## Exercise
Using the data below, return word for word every line from the one holding "essella polyrattan sitzgruppe" down to the one holding "Intimidating adjectives". Leave pictures out.

## Data extract
========================================
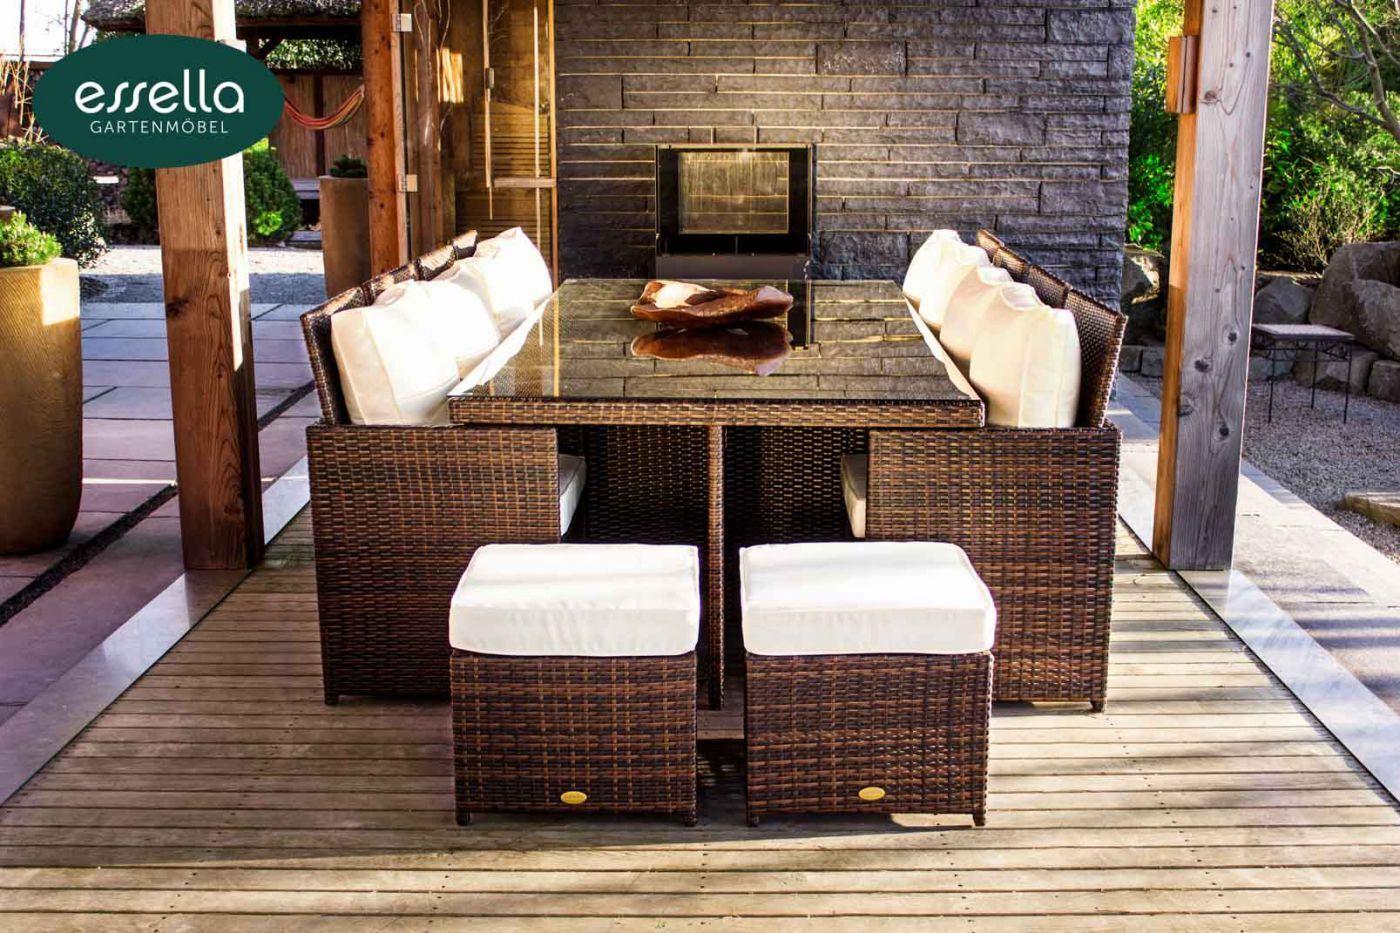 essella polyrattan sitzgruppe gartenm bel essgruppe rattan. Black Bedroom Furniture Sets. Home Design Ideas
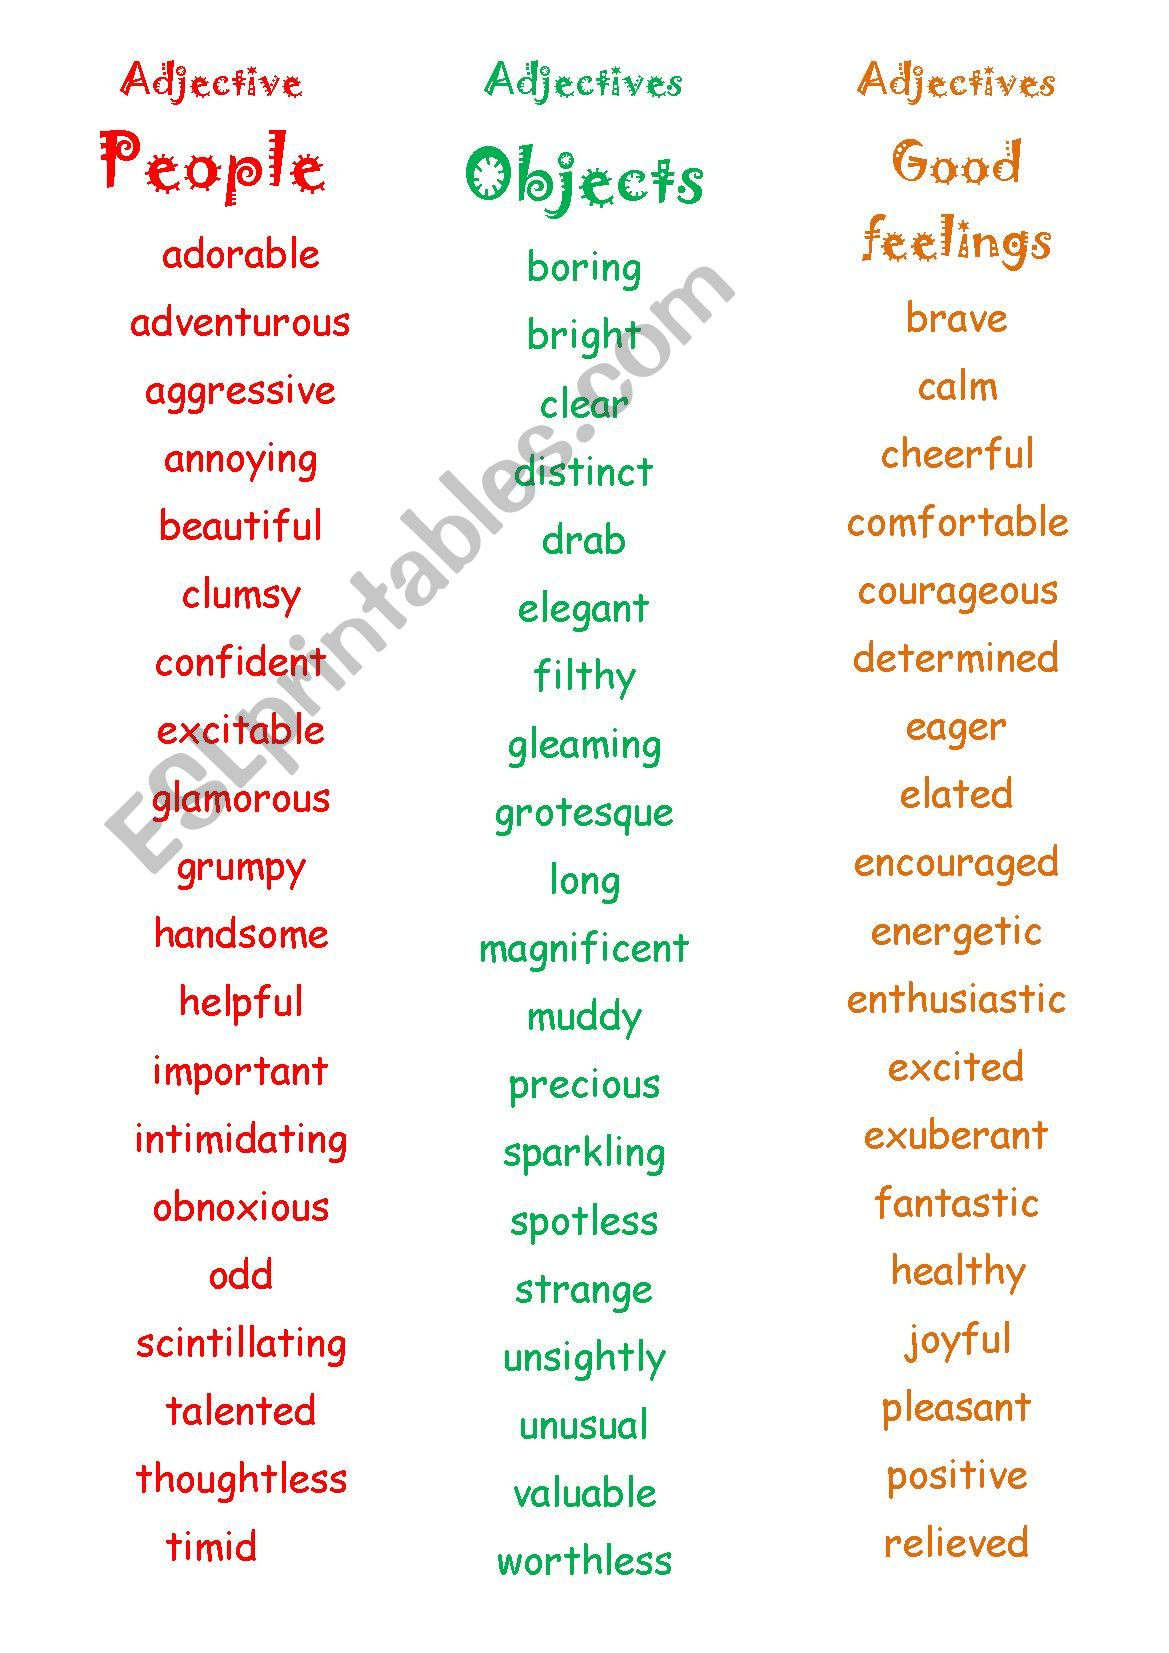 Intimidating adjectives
========================================
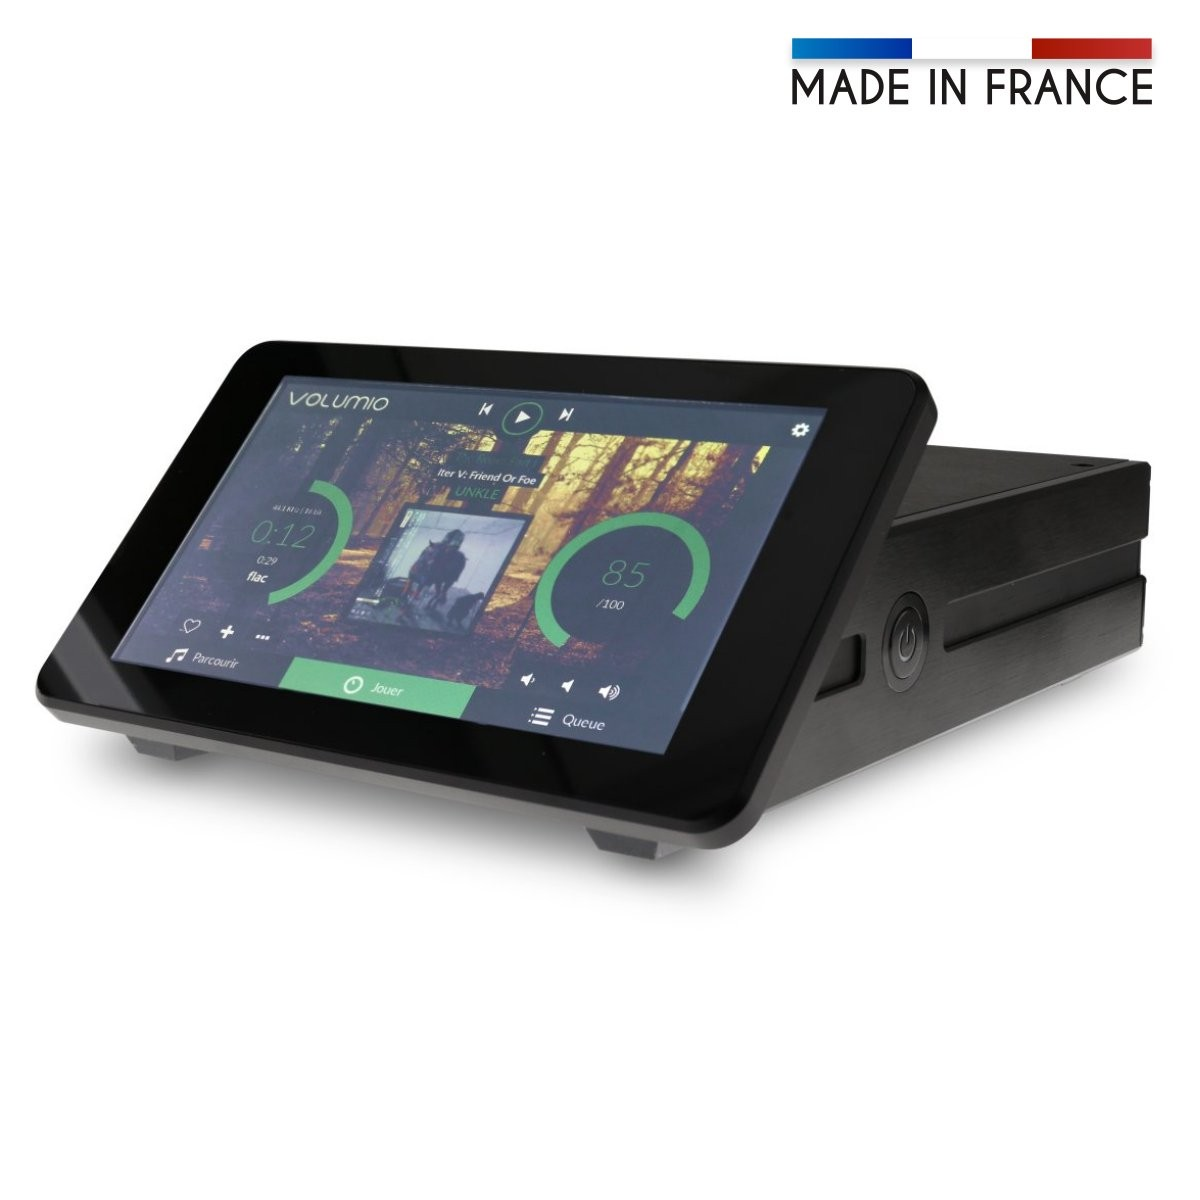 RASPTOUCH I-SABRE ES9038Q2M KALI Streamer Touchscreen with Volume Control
========================================
## Exercise output
 essella polyrattan sitzgruppe gartenm bel essgruppe rattan. Black Bedroom Furniture Sets. Home Design Ideas
 Intimidating adjectives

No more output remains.